Alors que rares sont les citadins à défendre l’utilisation de la voiture en ville, on entend souvent cette réplique « je vis à la campagne donc je suis bien obligé ».

A la campagne, vraiment ? Qu’est-ce que la campagne ? Est-elle représentée par de vieilles maisons esseulées au milieux d’exploitations agricoles ou fermières ? Est-elle représentée par de vieux villages ou hameaux traditionnels ? Ou bien est-elle représentée par des zones pavillonnaires faites de maisons récentes et de nombreuses rues quadrillant une zone construite pour attirer le citadin vers l’espace et le calme ? Ces villes-dortoirs sont-elles représentatives de la campagne ?

Autrefois, les petits villages de campagne étaient des lieux vivants, accueillant de petits commerces et de petits artisans permettant d’assurer les besoins de la vie quotidienne de leurs habitants.

Puis est arrivé l’exode rural qui a vidé ces villages et qui a causé la fin de nombreux petits commerces, d’artisans et de lieux de vie commune pour attirer les gens vers la ville et ses promesses, ses services municipaux, son offre de travail, ses boutiques et ses grands commerces.

Puis la ville a fini par lasser, et les citadins ont voulu retrouver le grand air et l’espace des campagnes, alors ils sont repartis loin de la ville … dans les villages ? Non, car on rêve de grands espaces mais on n’est pas prêt pour autant à abandonner les services et le confort qu’offrent la ville.

On veut vivre « à la campagne », mais avec Internet, avec les services municipaux à proximité et en pouvant accéder à n’importe quel moment aux commerces et aux services de la ville qu’on a quitté.

Alors on crée des lotissements ou les maisons individuelles poussent comme des champignons et on y amène le confort de la ville sans ses inconvénients.

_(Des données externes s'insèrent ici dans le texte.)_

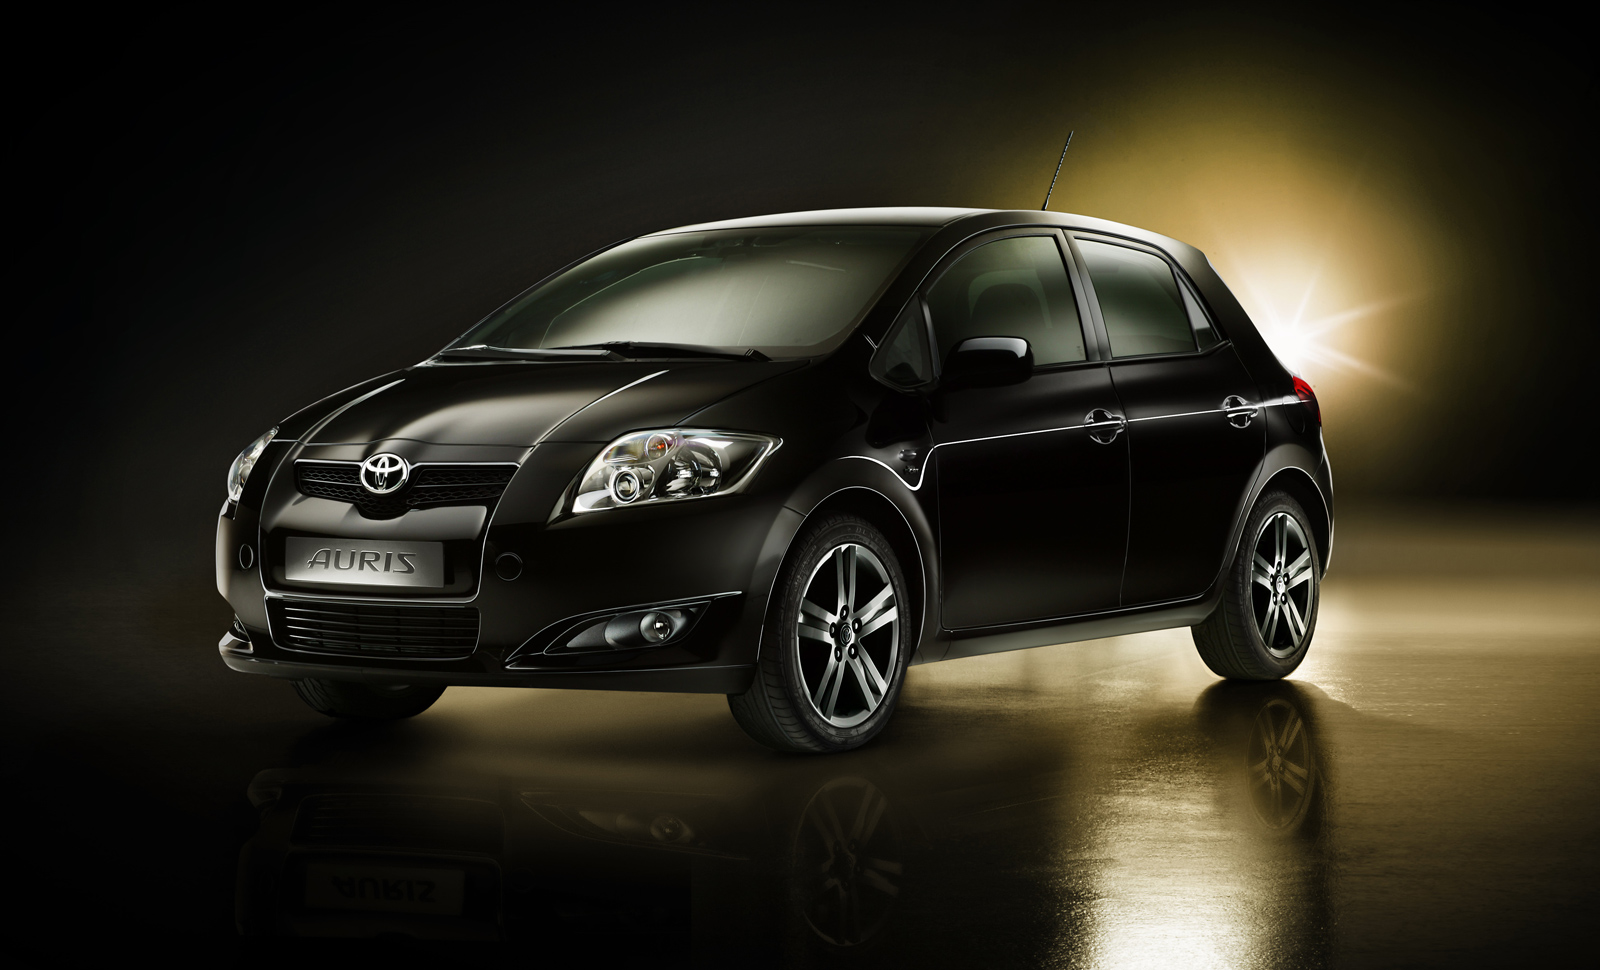 Toyota Auris 2008 🚘 Review Pictures and Images Look at the car

Pour les services de proximité, on oblige à de nouvelles dépenses pour recréer plus loin ce qui existe déjà en ville : une extension du réseau électrique et de gaz, du réseau de télécommunication et bien entendu, la construction de routes et l’utilisation massive de la voiture pour de nombreux trajets réguliers.

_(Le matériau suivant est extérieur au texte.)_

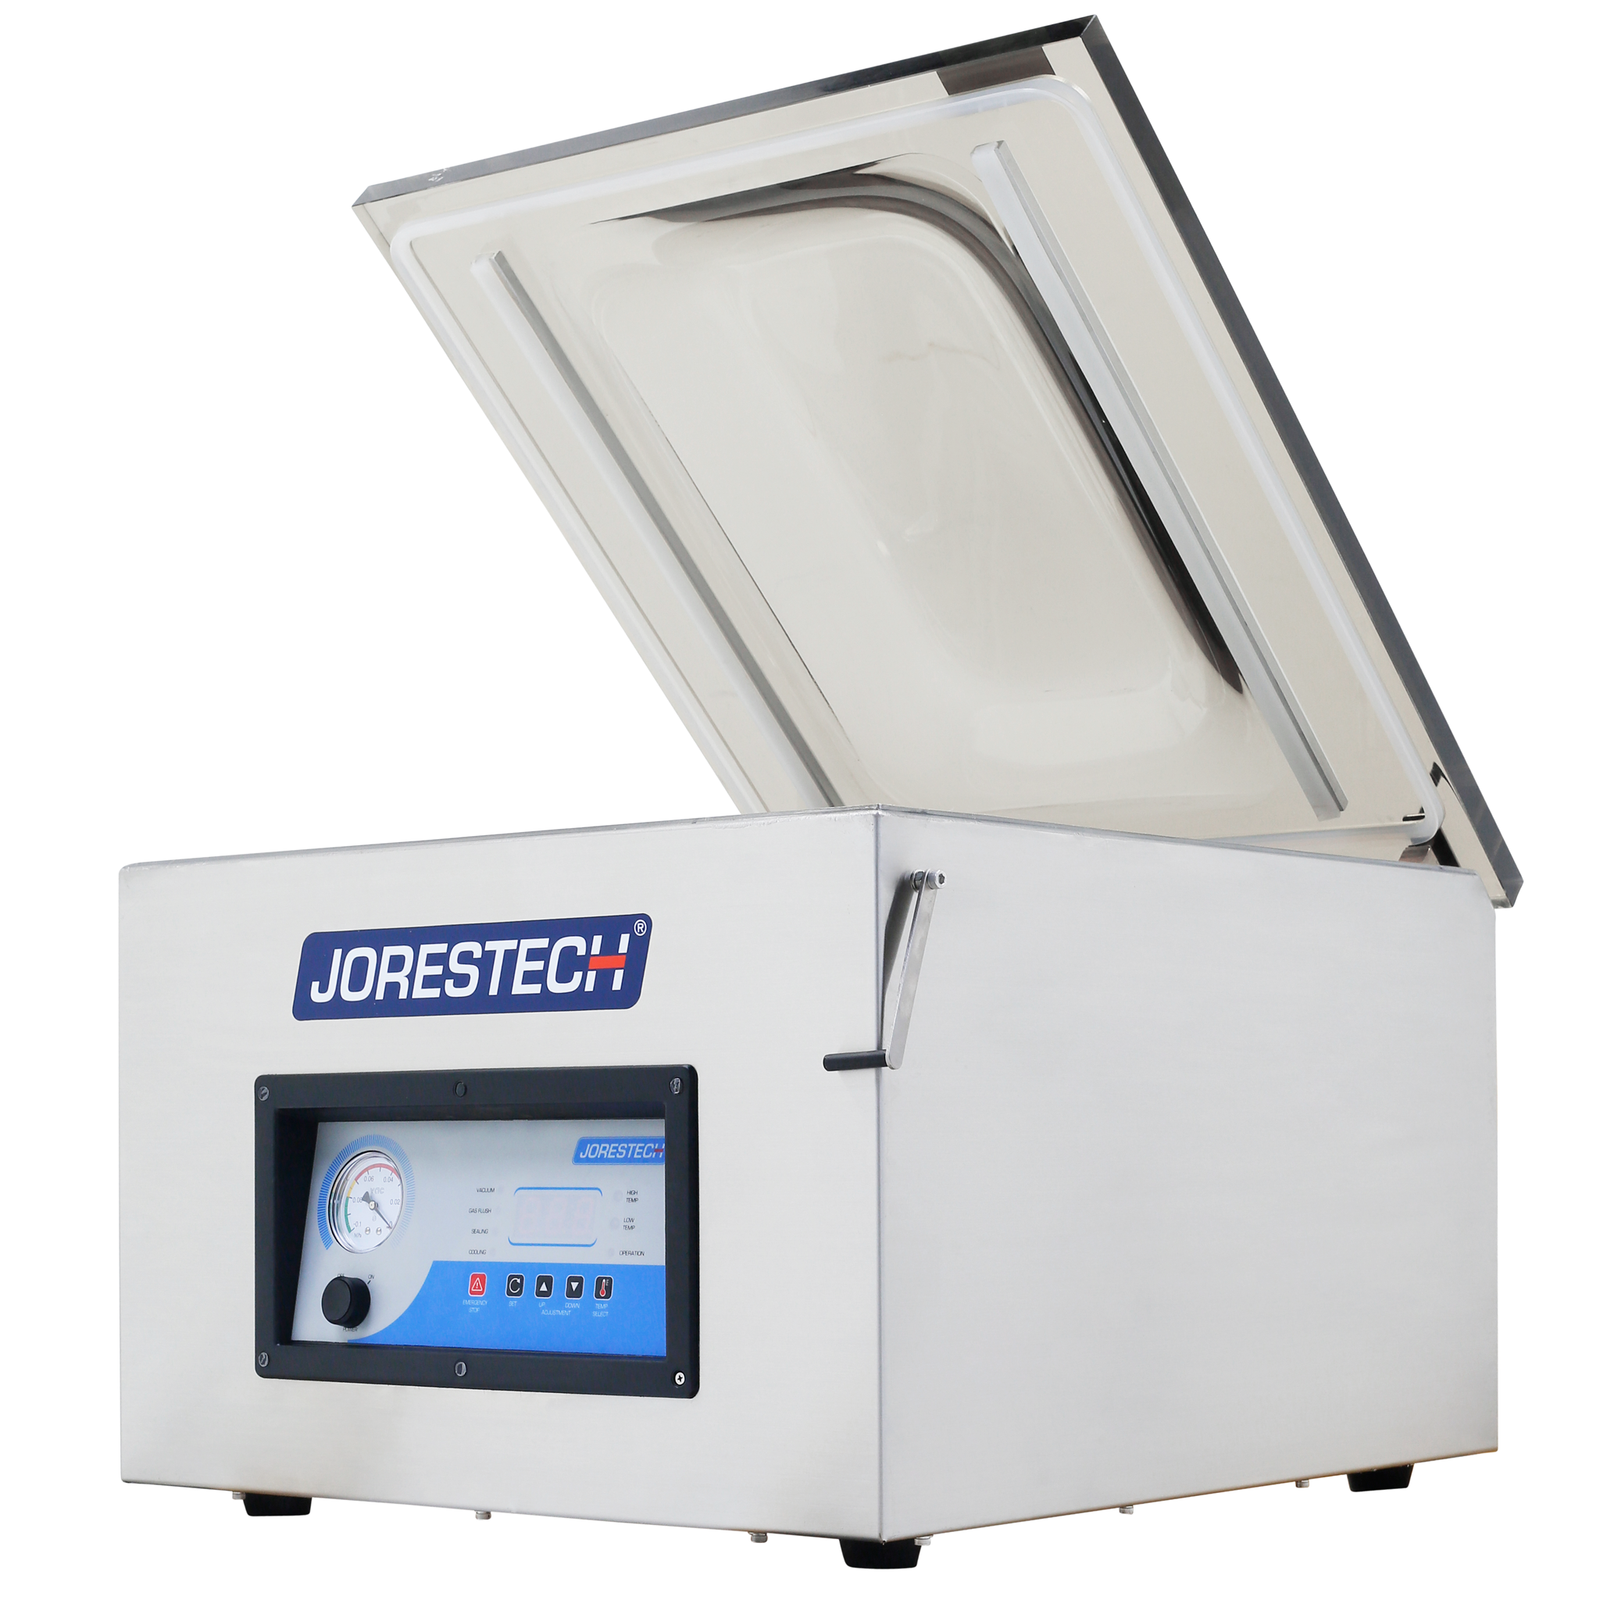 Side of the stainless steel JORES TECHNOLOGIES® tabletop commercial single chamber vacuum sealer with dual seal bar. Vacuum machine has the lid open

Contrairement aux villages traditionnels qui se sont construits autour de communautés vivant ensemble et ayant des besoins communs amenant à la création de petits commerces et contrairement aux villes ou la densité de la population est telle que les services et commerces sont sûrs d’être rentables, les villes-dortoirs n’accueillent bien souvent que d’ex-citadins encore attachés aux villes-centres sur de nombreux points tels que le travail et leur faible densité ne permet pas la création viable de commerces et de services aussi importants que ceux existants en ville.

Le résultat est évident : la voiture devient une nécessité pour de nombreux trajets pendulaires entre la ville-dortoir et la ville-centre et de vastes ensembles tels que les centres commerciaux sont construits pour permettre la consommation commune de plusieurs « villes » de la zone périurbaine.

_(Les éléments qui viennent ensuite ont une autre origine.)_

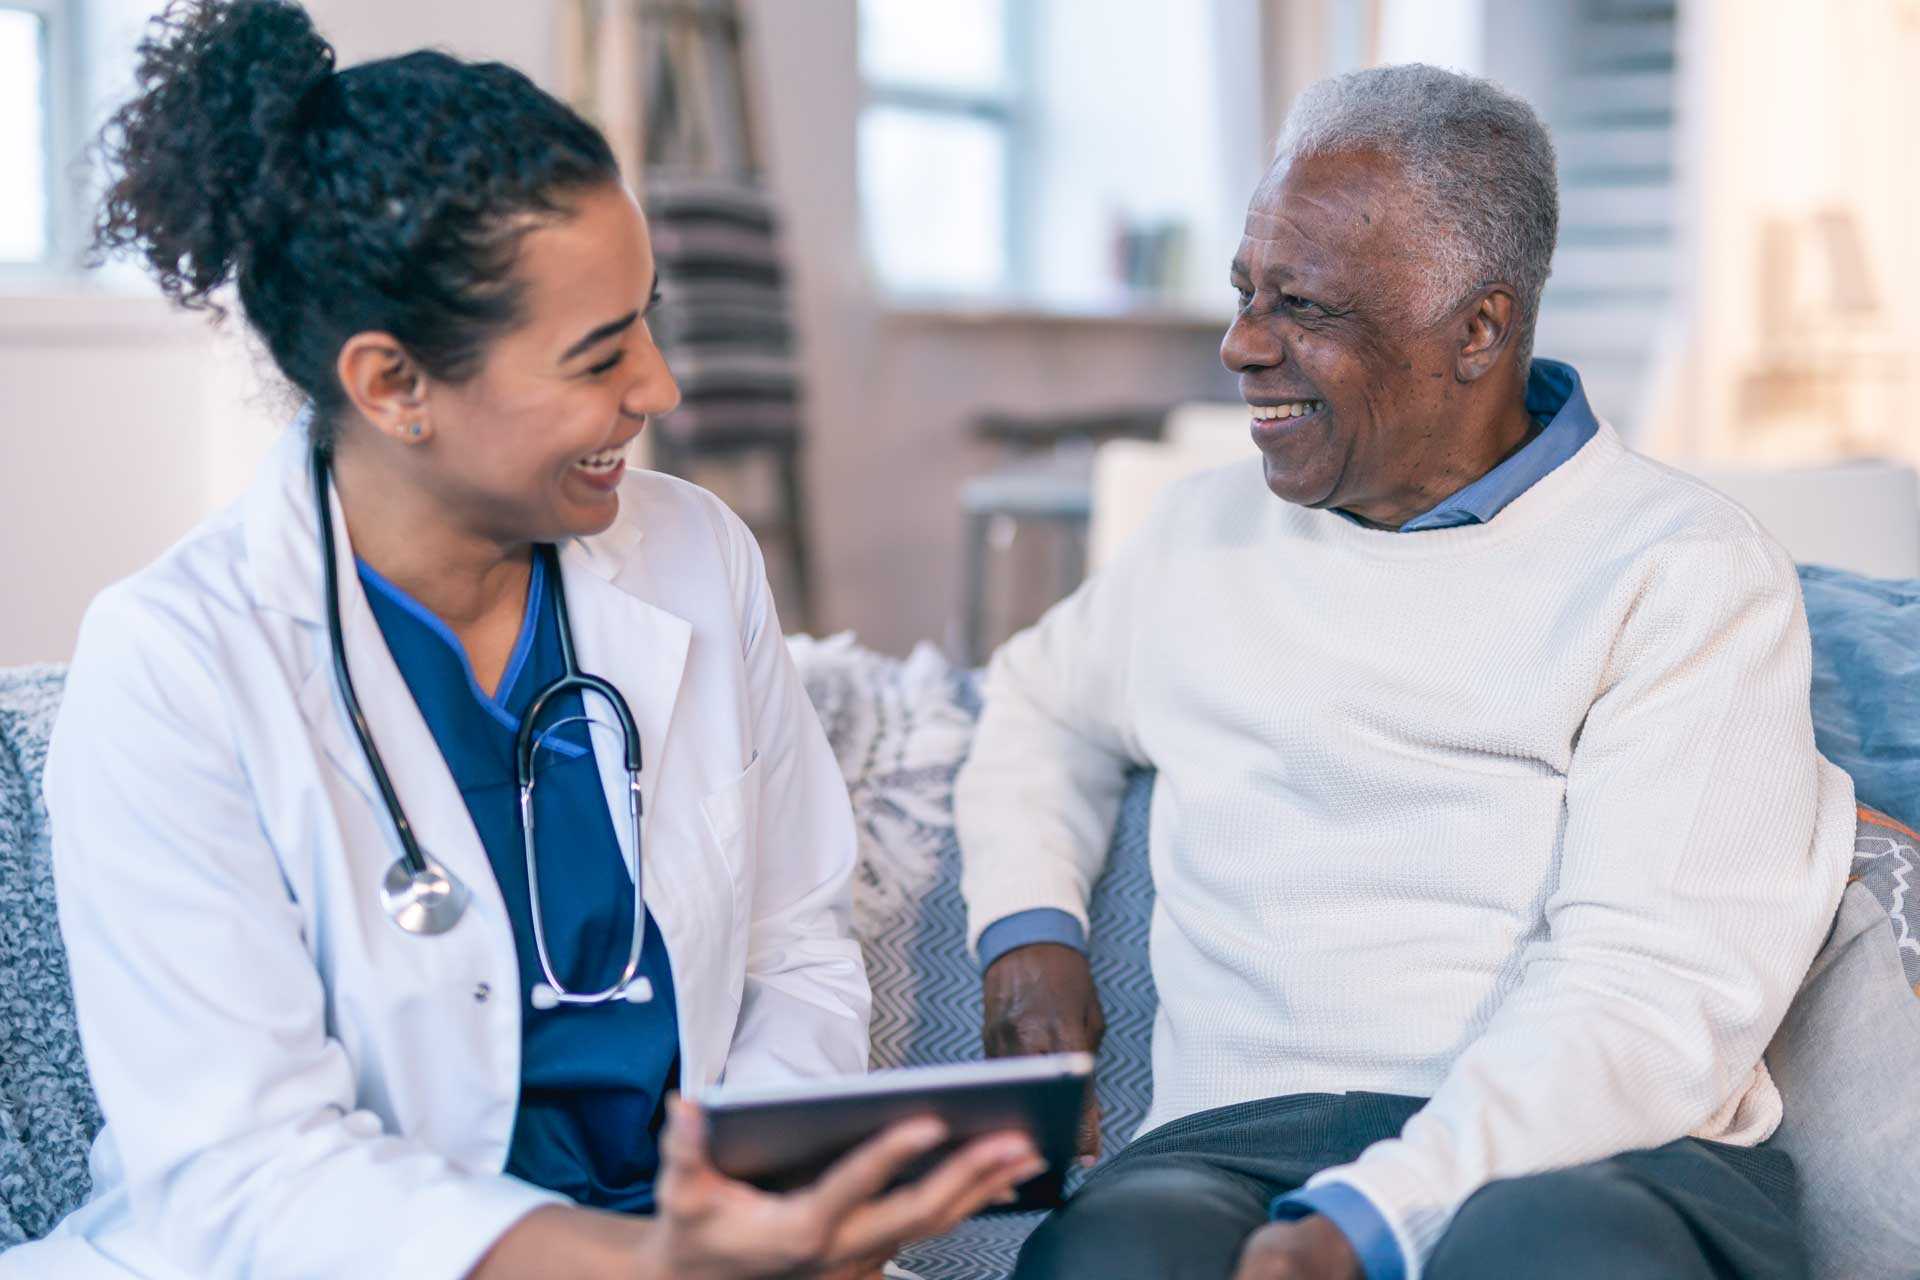 Smiling young female doctor talking with smiling older male patient

Les rurbains étant bien souvent d’ex-citadins eux-mêmes descendants d’ex-ruraux, les campagnes sont restées vides et les commerces et lieux de vie commune n’ont pas pu reprendre, impliquant également l’utilisation massive de la voiture dans les campagnes traditionnelles.

L’étalement urbain, cause de la voiture à outrance ou conséquence de la facilité de déplacement amenée par celle-ci ?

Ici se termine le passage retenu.